# Getting Stove external air intake pipe to the outside



## Troy McClure (22 Aug 2011)

Airtight house with two stoves. One on an inner wall. Looking at putting external air intake pipe down through the floor insulation. But what path do we take it from there.
Builder says cant run it through the foundation and up on the outside as it will take rain and debris. Reckons to bring it up through the 200mm cavity then out through the outer relief wall. 
I am not fond of messing around with the insulation and making a weak point like this.
How have other's treated this issue?


----------



## hastalavista (22 Aug 2011)

is this a retro or current build where still time to decide
are the chimneys built


----------



## Troy McClure (22 Aug 2011)

It's a new build that has started. Foundations have started


----------



## RKQ (23 Aug 2011)

A copy of your pdf plan would be handy.
Its your Certifiers call.
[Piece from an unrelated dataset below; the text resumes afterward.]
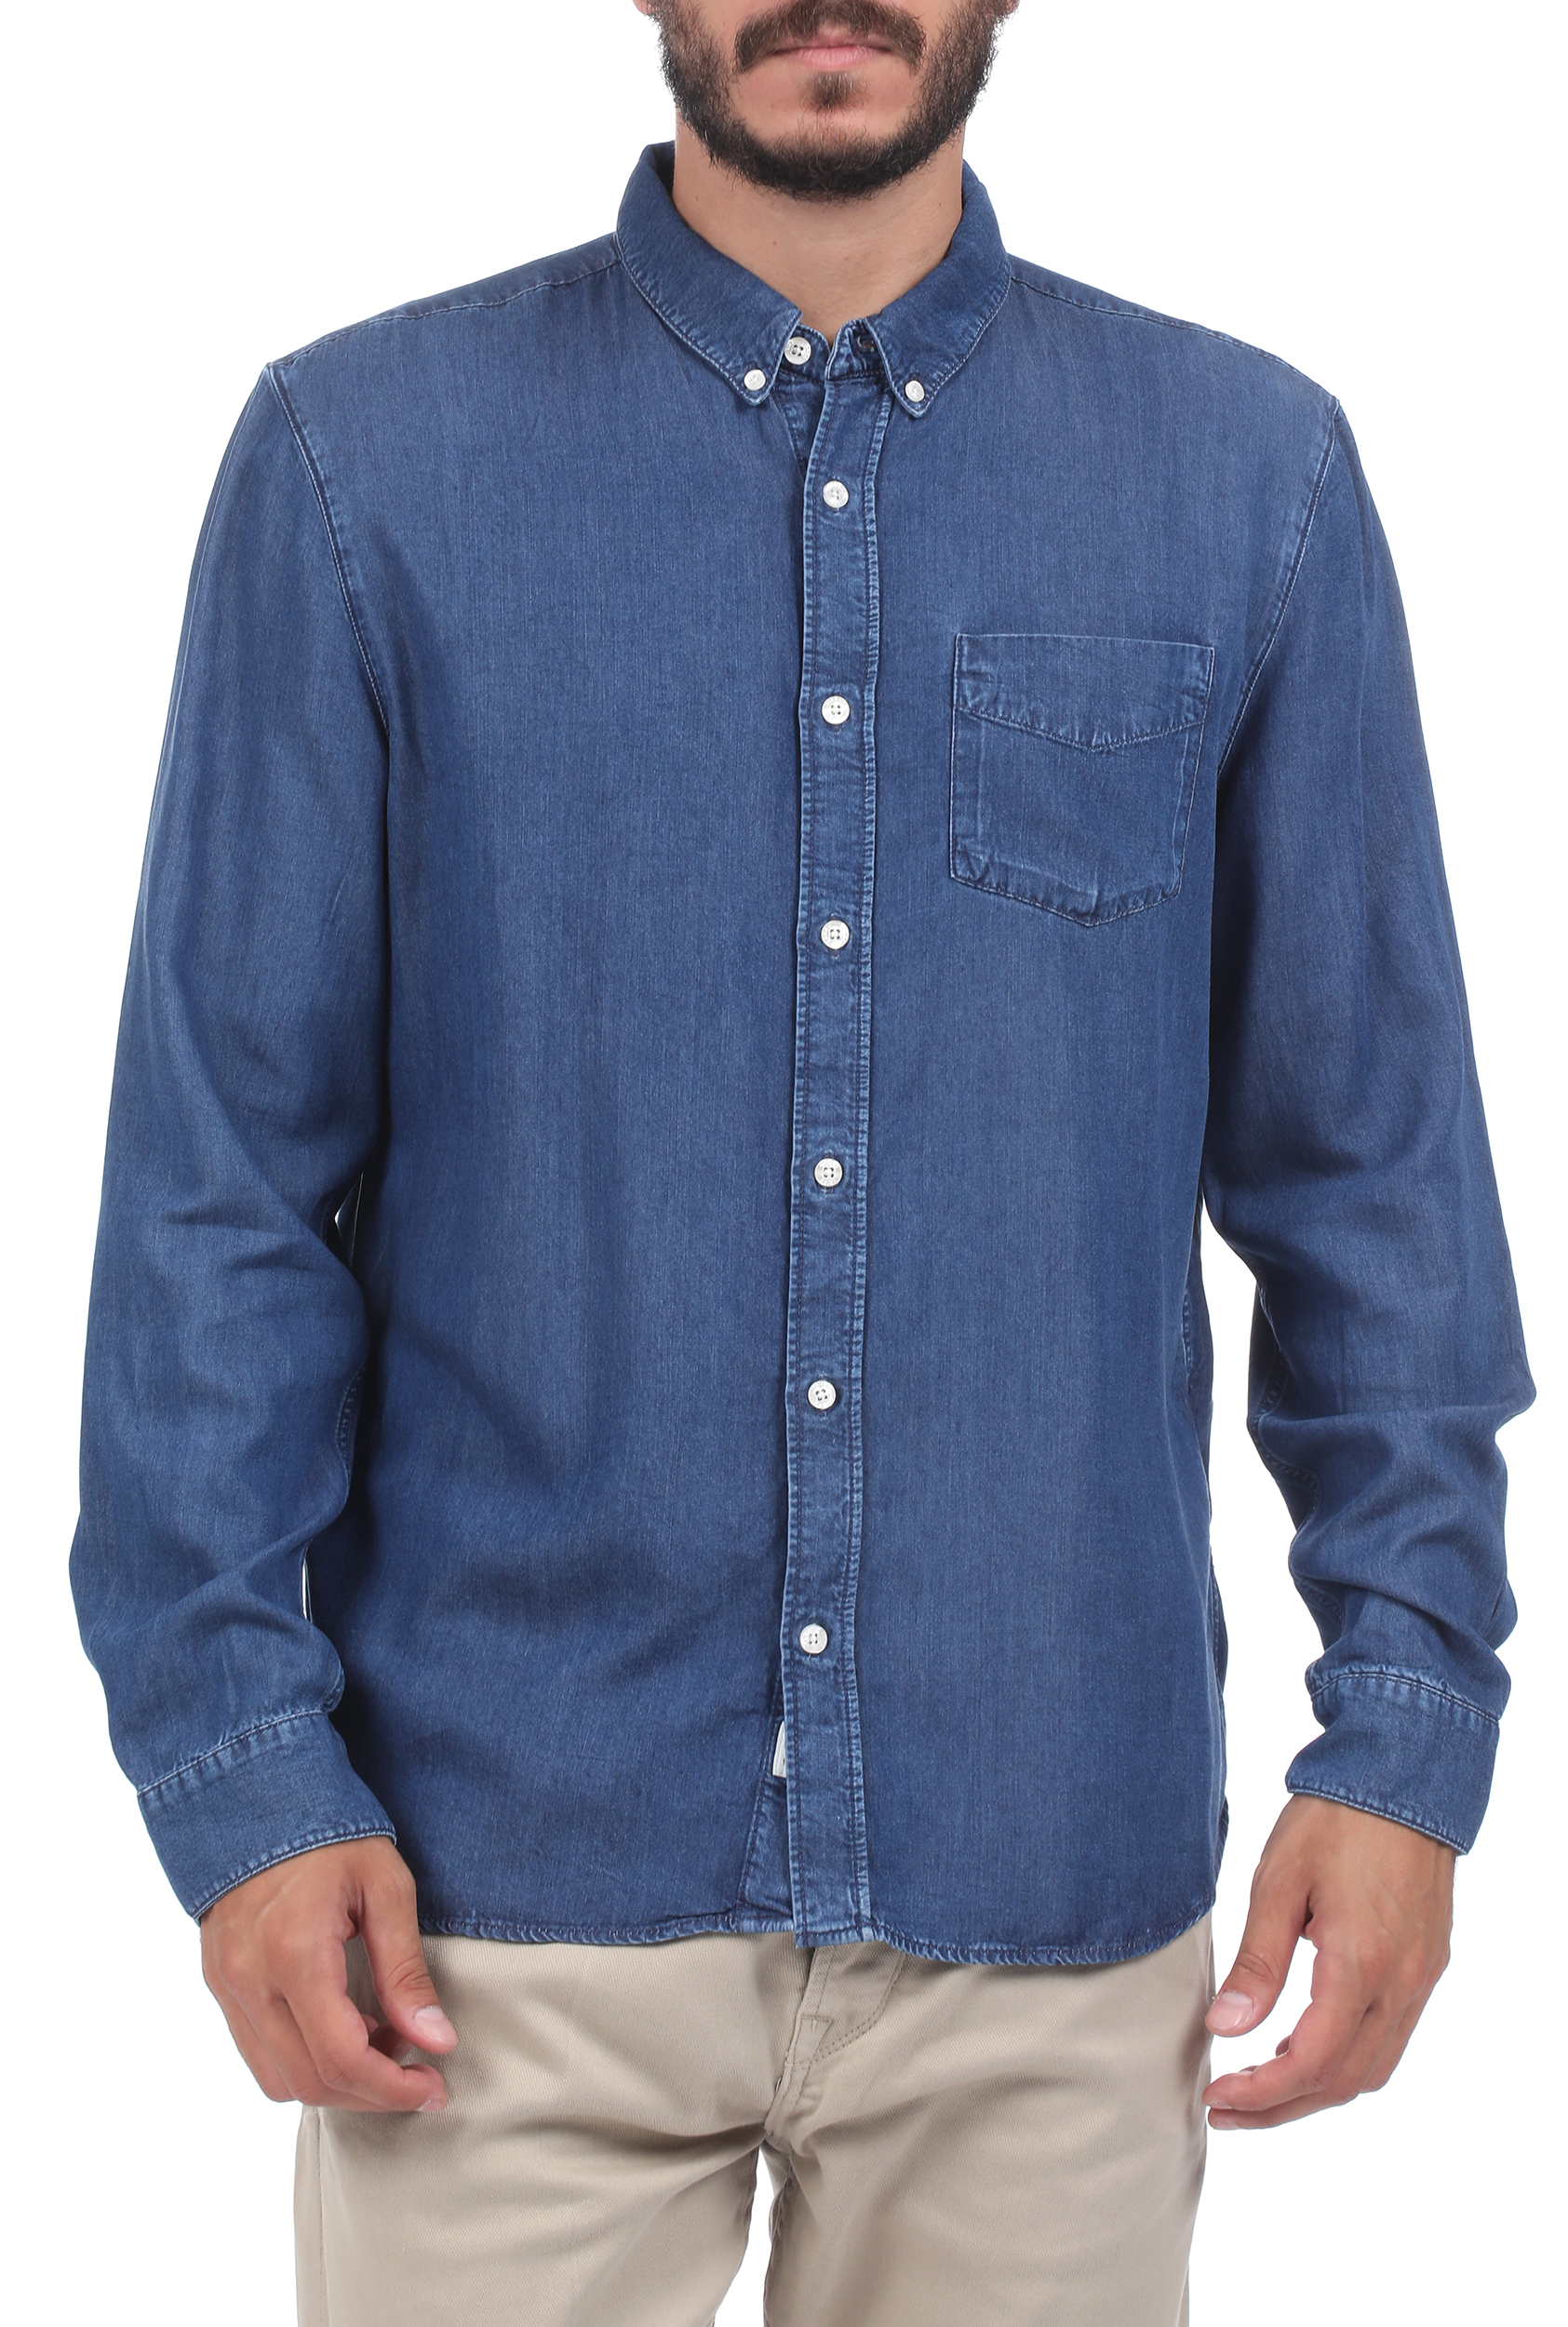 Ανδρικά/Ρούχα/Πουκάμισα/Μακρυμάνικα GABBA - Ανδρικό denim πουκάμισο GABBA Ranger μπλε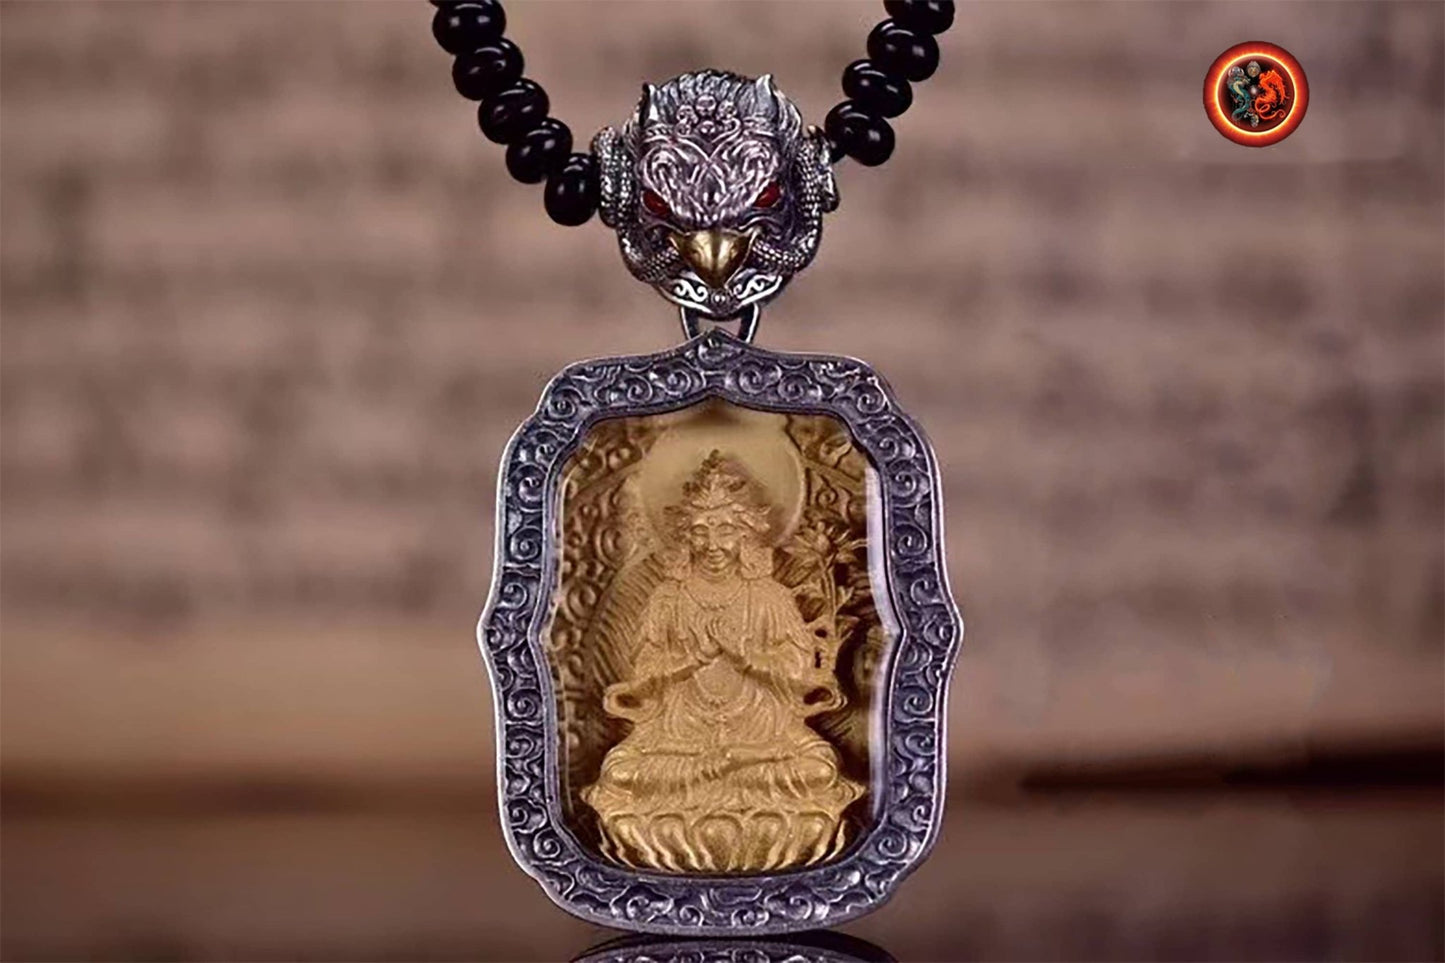 pendentif amulette de protection bouddhiste Bouddha Samantabhadra mala de prière et méditation 108 perles, argent 925 or 18K bélière Garuda - obsidian dragon

Personally I don't see why this wasn't resolved at design stage. Passive house is not a new concept.

I don't believe in cutting out insulation. Ideally this pipe should be in the hardcore below the insulation or designed into the conc of a raft foundation (designed by an Engineer).


----------



## hastalavista (23 Aug 2011)

have u looked at using the chimney that incorporates the air intake.

re Builder says cant run it through the foundation and up on the outside as it will take rain and debris

Crap
what does he do with radon pipes from the sump?

He is just being lazy

In an ideal world the pipe should go down into the foundations and then Tee so as it goes to both sides of the house, this allows for pressure equalization in times of high winds


----------



## boots (13 Sep 2011)

We had the same issue, eventually put the pipe out through the ceiling and then through the wall.  We had space in the ceiling to allow for MVHR ducts. 
Hope this helps
Boots


----------



## Troy McClure (18 Sep 2011)

I called the company's that make the stoves for advice. 

We ended up running it straight down through foundation, then up into the cavity which is 200mm and out through the outer relief. This seems to be the advice we got for one. For the other it was on an outside wall so we ran it straight through the wall.


----------